NHS Emergency Preparedness, Resilience and Response
Our resilience and specialist operations team had been involved in both responding to, and helping us to prepare if, any untoward, adverse or serious major incidents, or terrorist attacks were to happen, as well as fully participating in our response to COVID-19.
During the last year resilience managers attended just under 1,000 Local Resilience Forum meetings with partner agencies while also attending just over 650 Safety Advisory Group meetings to support events, this increased as Covid-19 restrictions relaxed.
Hazardous area response team (HART) respond to patients requiring medical care in any hazardous environment. The team also support ambulance crews responding to patients who are not necessarily in a hazardous area but who are hard-to-reach or where multiple clinicians are required. Over the year this has seen the team respond to patients taken unwell in and around water, at height and within confined spaces.
- Our HART colleagues supported, the Scottish Ambulance Service by providing specialist medical cover at the 2021 COP26 conference in Glasgow.
- We ran multiagency training bringing partners from police, fire, health and other agencies together to respond to any potential marauding terrorist attack. During the 12 exercises run during September and October 2021, over 1400 responders improved their clinical skills and gained a better understanding of how an incident of this nature would be managed and care delivered to those in need.
- We have been using the Airbox situational awareness software for the last three years and, following a grant from NHS Digital, the department started to roll out Airbox to all levels of commander within the Trust. This software allows live time mapping, imagery and timelines to be shared between commanders irrespective of where they are operating, giving them real time information as it happens.
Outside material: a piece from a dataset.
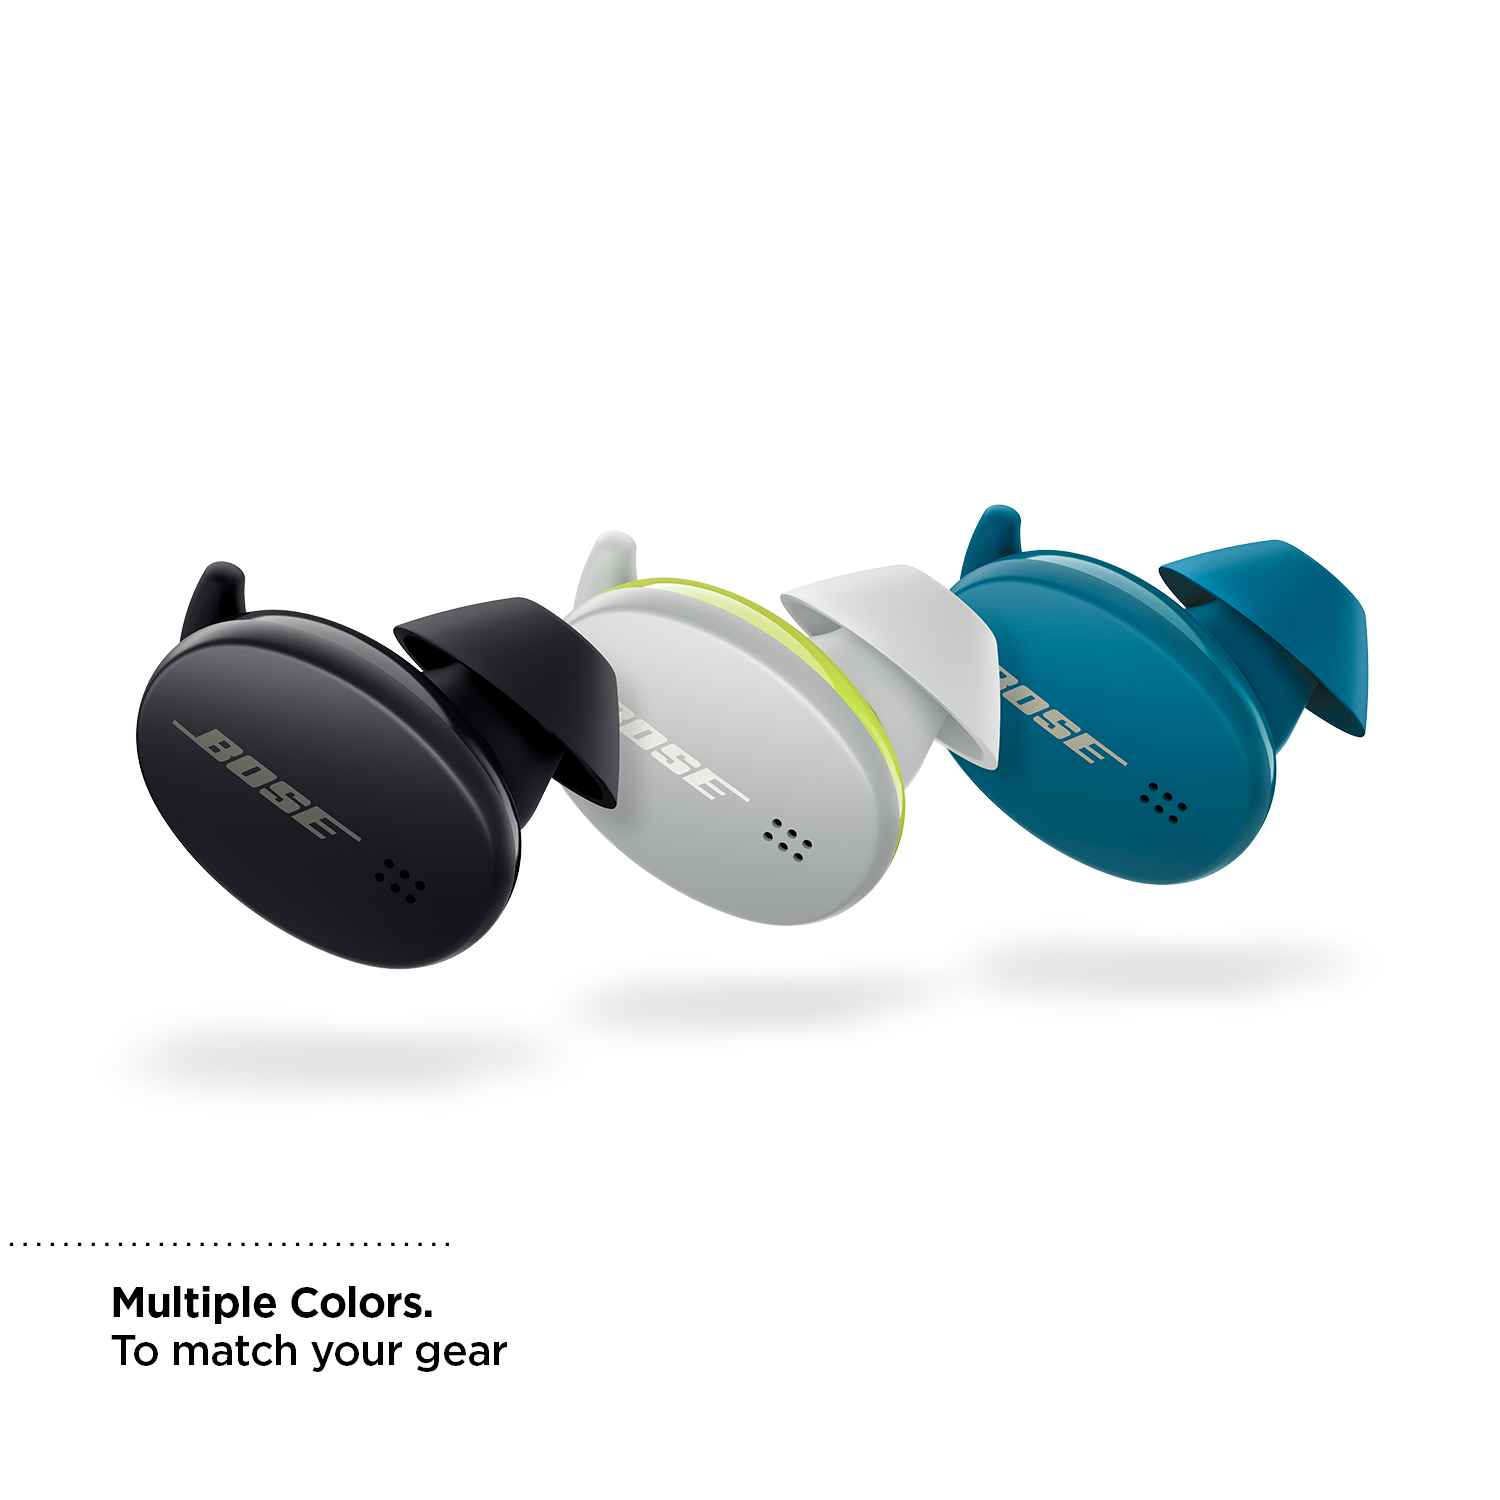 Bose Sport Earbuds True Wireless Bluetooth Headphones, Black - image 8 of 11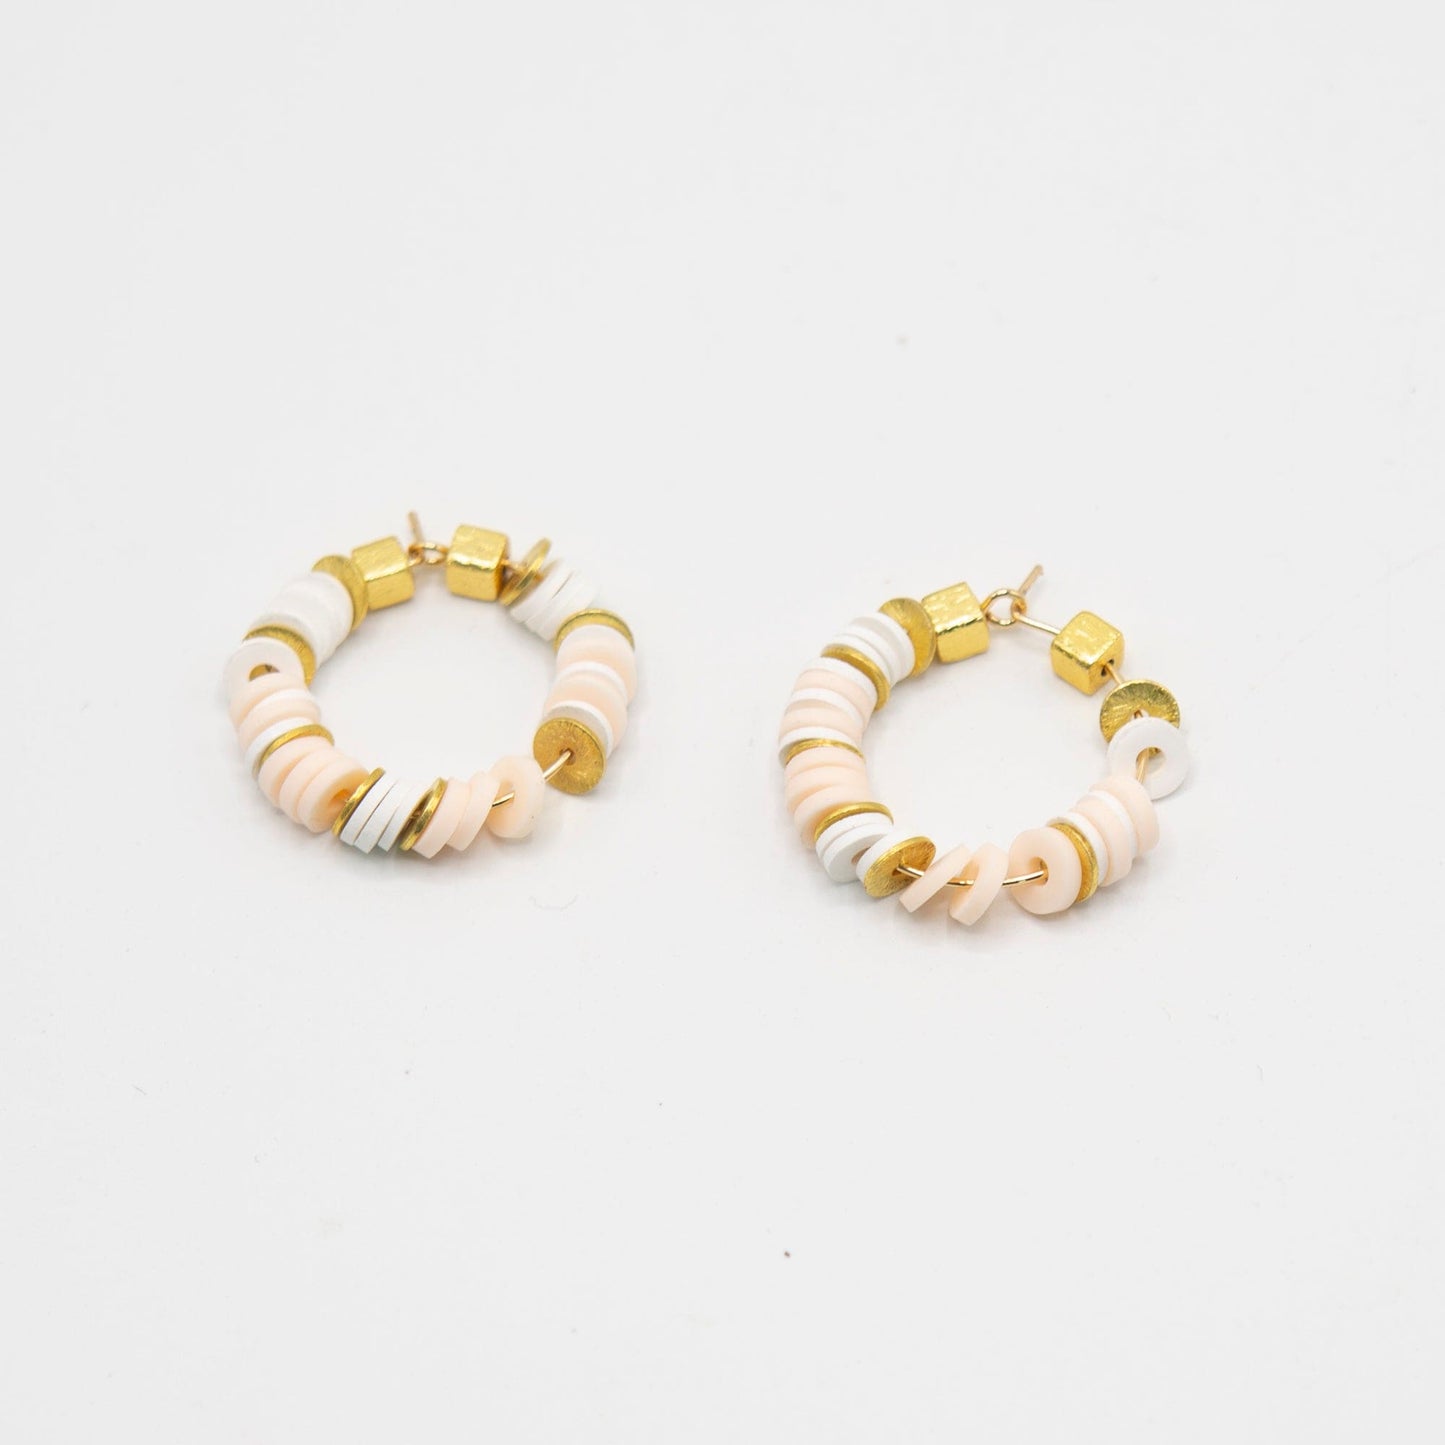 BEVERLY SMART Earrings Petites créoles de charme artisanal

- Part of the team’s role is to ensure the Trust, as well as individual departments, are prepared for an incident which affects their operational productivity. This business continuity planning proved hugely beneficial during the year with ambulance stations having to be temporarily closed and people moved to operate from other locations due to flooding and a lack of safe drinking and washing water within the station.
- The team supported learning which occurred after a power incident resulted in both the Airwave radio network and the computer aided dispatch (CAD) systems being compromised. While the incident itself was managed using business continuity plans, the learning the team helped facilitate after the incident has strengthened the business continuity plans in place, should a similar incident occur again.
- The team continued to run the Foundation Command Training Course for managers taking a command function at a critical or major incident. This training is in addition to the major incident training which is delivered to all new students who join EEAST, ensuring they are able to effectively respond to these significant incidents.
Each year English NHS trusts complete a statutory annual self-assessment and review of compliance against the NHS Emergency Preparedness, Resilience and Response Framework, in line with the Civil Contingencies Act 2004.
We maintained our overall compliance as SUBSTANTIAL and compliance with interoperable capabilities was also rated as SUBSTANTIAL. To ensure continual development and following external audit, the department maintains and manages an action plan to ensure the Trust develops and is able to deliver a high-level service.